11 Egli carica pure le nubi d'umidità, disperde lontano le nuvole che portano i suoi lampi
12 ed esse, da lui guidate, vanno vagando nei lor giri per eseguir quanto ei loro comanda sopra la faccia di tutta la terra;
13 e le manda o come flagello, o come beneficio alla sua terra, o come prova della sua bontà.
14 Porgi l'orecchio a questo, o Giobbe; fermati, e considera le maraviglie di Dio!
15 Sai tu come Iddio le diriga e faccia guizzare il lampo dalle sue nubi?
16 Conosci tu l'equilibrio delle nuvole, le maraviglie di colui la cui scienza è perfetta?
17 Sai tu come mai gli abiti tuoi sono caldi quando la terra s'assopisce sotto il soffio dello scirocco?
18 Puoi tu, come lui, distendere i cieli e farli solidi come uno specchio di metallo?
19 Insegnaci tu che dirgli! Nelle tenebre nostre, noi non abbiam parole.
20 Gli si annunzierà forse ch'io voglio parlare? Ma chi mai può bramare d'essere inghiottito?
21 Nessuno può fissare il sole che sfolgora ne' cieli quando v'è passato il vento a renderli tersi.
22 Dal settentrione viene l'oro; ma Dio è circondato da una maestà terribile;
23 l'Onnipotente noi non lo possiam scoprire. Egli è grande in forza, in equità, in perfetta giustizia; egli non opprime alcuno.

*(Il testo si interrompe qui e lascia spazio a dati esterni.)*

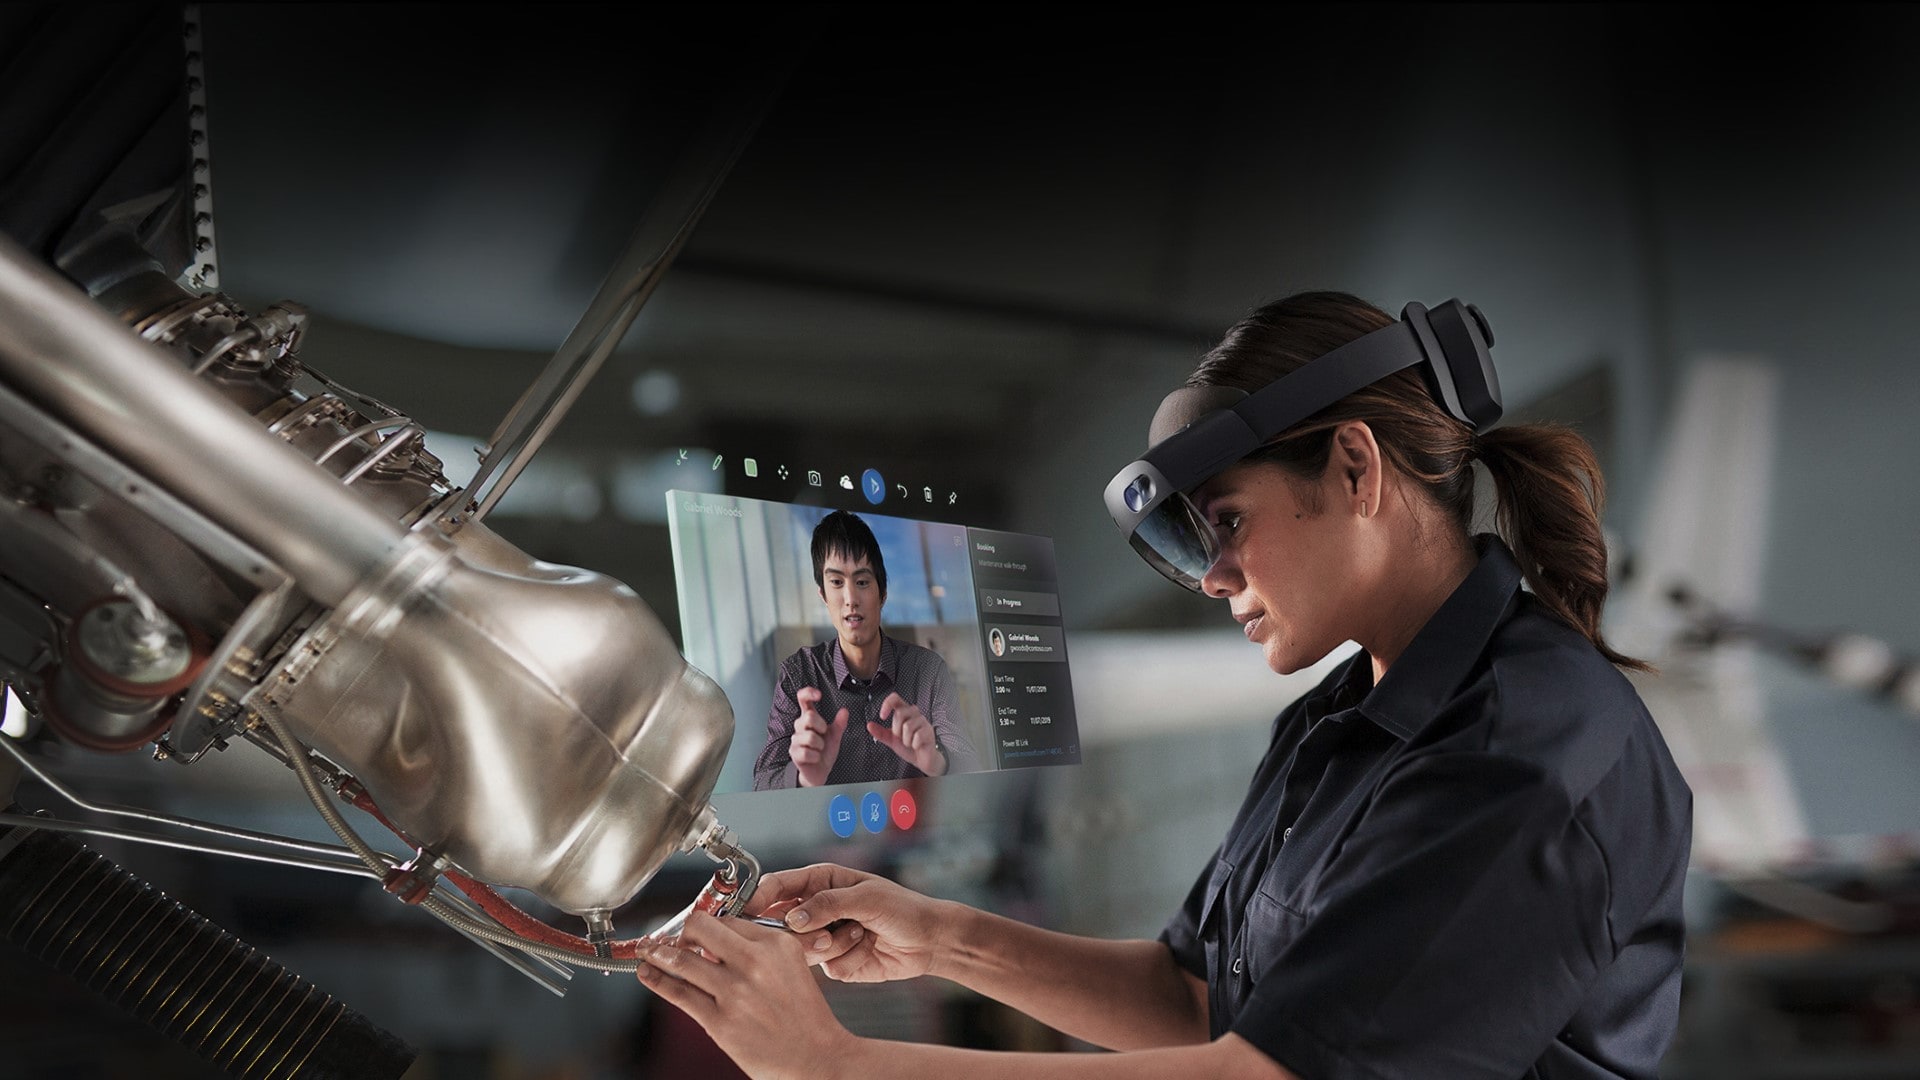 Microsoft's HoloLens 2 gets September launch window

24 Perciò gli uomini lo temono; ei non degna d'uno sguardo chi si presume savio".
XXVI.
LA PREROGATIVA DIVINA
Giobbe 35:1 ; Giobbe 36:1 ; Giobbe 37:1
Dopo una lunga digressione, Eliu torna a considerare l'affermazione attribuita a Giobbe: "Non giova all'uomo che si diletta con Dio". Giobbe 34:9 Questo egli lo afferrò per significare che l'Onnipotente è ingiusto, e l'accusa è stata trattata. Ora riprende la questione della utilità della religione.

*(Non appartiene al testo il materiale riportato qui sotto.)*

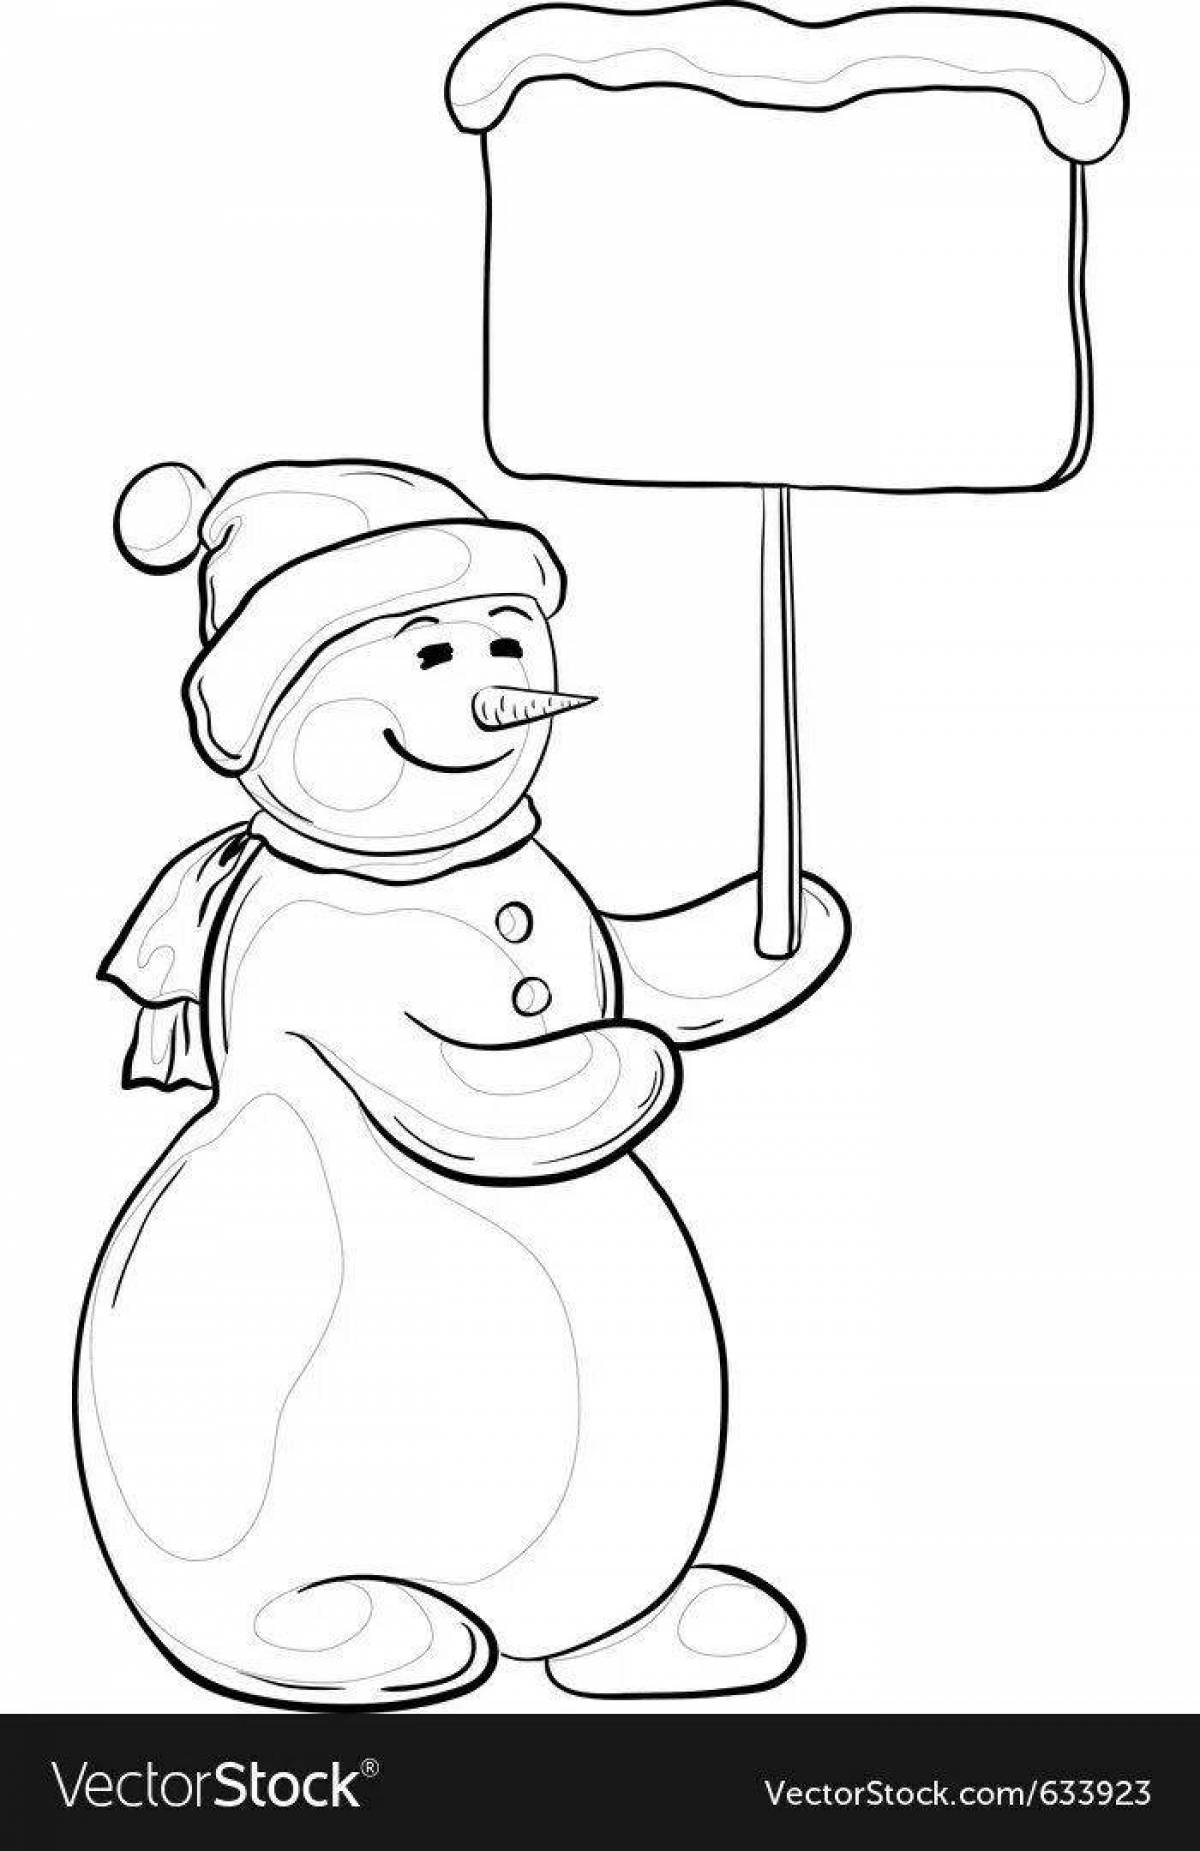 Luminous postman snowman coloring book

"Credi che questo sia nel tuo diritto, e lo chiami 'Mia giusta causa davanti a Dio', che chiedi quale vantaggio è per te, e 'Quale profitto ho più che se avessi peccato'?"
In una delle sue risposte Giobbe, parlando dei malvagi, li rappresentò dicendo: "Che cos'è l'Onnipotente perché lo serviamo? E quale profitto dovremmo avere se lo preghiamo?". Giobbe 21:15 Poi aggiunse: "Il consiglio degli empi sia lontano da me". Giobbe è ora dichiarato della stessa opinione dei malvagi che ha condannato.
L'uomo che più volte si appellava a Dio per il giudizio dei suoi amici, che trovava consolazione nel pensiero che la sua testimonianza era in cielo, che, quando era disprezzato, cercava Dio piangendo e sperava contro ogni speranza nella sua redenzione, è accusato con holding, fede e religione di nessun vantaggio. È incomprensione o con il design l'accusa è fatta? Giobbe, in effetti, a volte sembrava negare il profitto della religione, ma solo quando la falsa teologia dei suoi amici lo spingeva a un falso giudizio.
La sua vera convinzione era giusta. Una volta Elifaz fece la stessa accusa e si perse nel tentativo di dimostrarlo. Elihu non ha nuove prove e anche lui cade in errore. Egli confonde l'accusa originale contro Giobbe con un'altra, e fa un'offesa a ciò che l'intera portata del poema e il nostro senso del diritto giustificano completamente.
"Guarda il cielo e vedi,
E guarda le nuvole che sono più alte di te.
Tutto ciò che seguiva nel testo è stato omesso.